Он ухватил крюк люстры, подтащил его к себе, и начал осматривать. Рылеев на мгновение обмер. Видение, бухгалтерша Электра. Ну и денек.
Вадик посмотрел на него, потом на Мими, и, наконец, на жену Светлану. Та поднялась и направилась к нему.
Амелита меж тем перестала рыдать и попыталась наиграть на рояле мелодию. Остановилась и попыталась ту же мелодию спеть. И не попала в тональность.
Цицерон, поняв, что она сейчас снова зарыдает, сказал сквозь зубы:
– Еб твою мать.
Распрямился и пошел к роялю. Отстранив Амелиту уверенным жестом, он подтянул скамейку, сел на нее, и сыграл аккорд.
– С начала. Си минор. Нет уж, ты пой, пожалуйста, чего уставилась, тетка.
Ошарашенная Амелита вдохнула, посмотрела затравленно, и начала петь. После нескольких тактов голос ее начал вдруг обретать уверенность.
И тут в проеме, ведущем к лестнице, появилась – она.
Рылеев замер.
При виде Федотовой он всегда забывал обо всем на свете.

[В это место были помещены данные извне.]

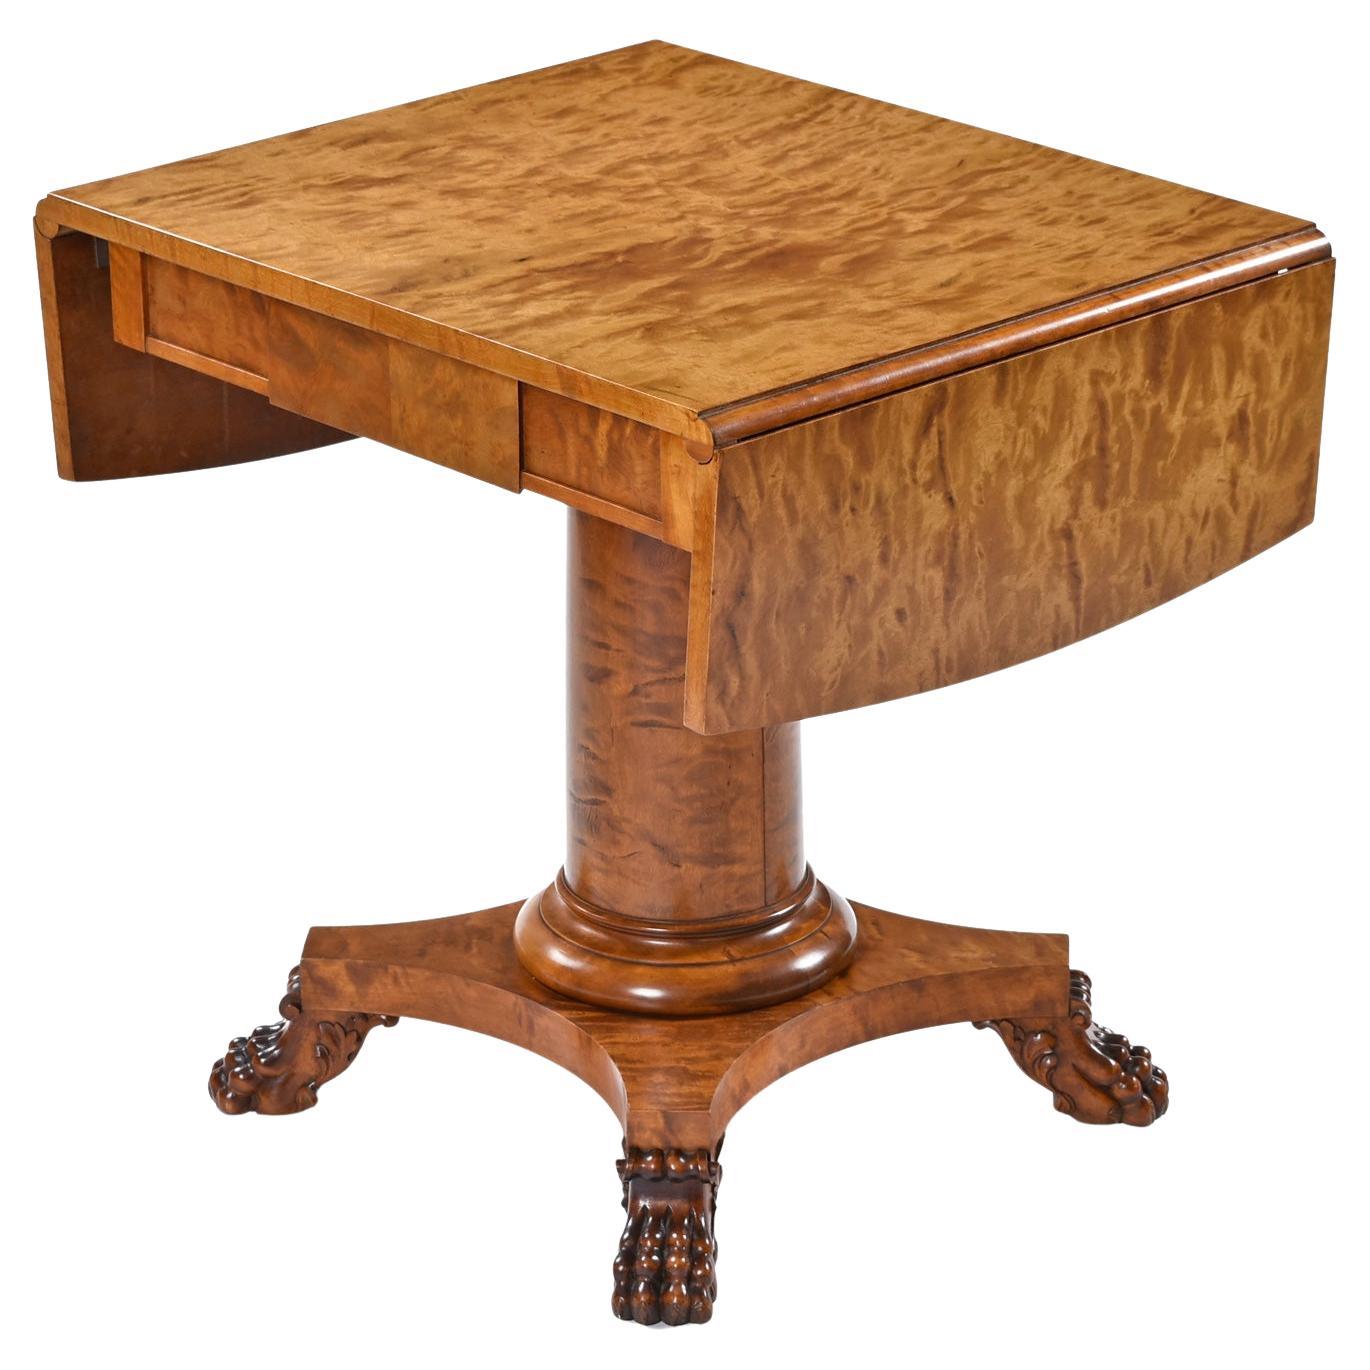 The possibilities are endless for this Swedish made Bierdermeier drop-leaf table. Perfect for a writing desk, dry bar, center table, sofa table, entryway table, console table, or tea table just to name a few. 

The honey colored birch is almost

Ей было двадцать восемь лет. У нее были прямые светло-коричневые без рыжины волосы, большие синие глаза, и пропорциональное сложение. Несмотря на то, что в походка ее отличалась скорее атлетизмом, чем грацией, Рылеев, как всегда, восхитился этой походкой – на восьмом году брака он любил жену без памяти.
Она пересекла вестибюль улыбаясь, глядя только на Рылеева, видя только его, любя его, всегда любя только его.
Амелита с Цицероном продолжали петь и играть, потому что настоящее искусство превыше всего.
Поцеловав Рылеева, Федотова приблизила губы к его уху и спросила:
– Кто это тут люстру обрушил?
Рылеев вполголоса ответил:
– Сама упала. От избытка чувств.
– Ясно. А я думала, что Цицерон ненавидит музыку.
– Оказывается, не всю. Это только сейчас выяснилось.
– А Либерманы опять поругались?
– Светлана разбила Вадику планшет.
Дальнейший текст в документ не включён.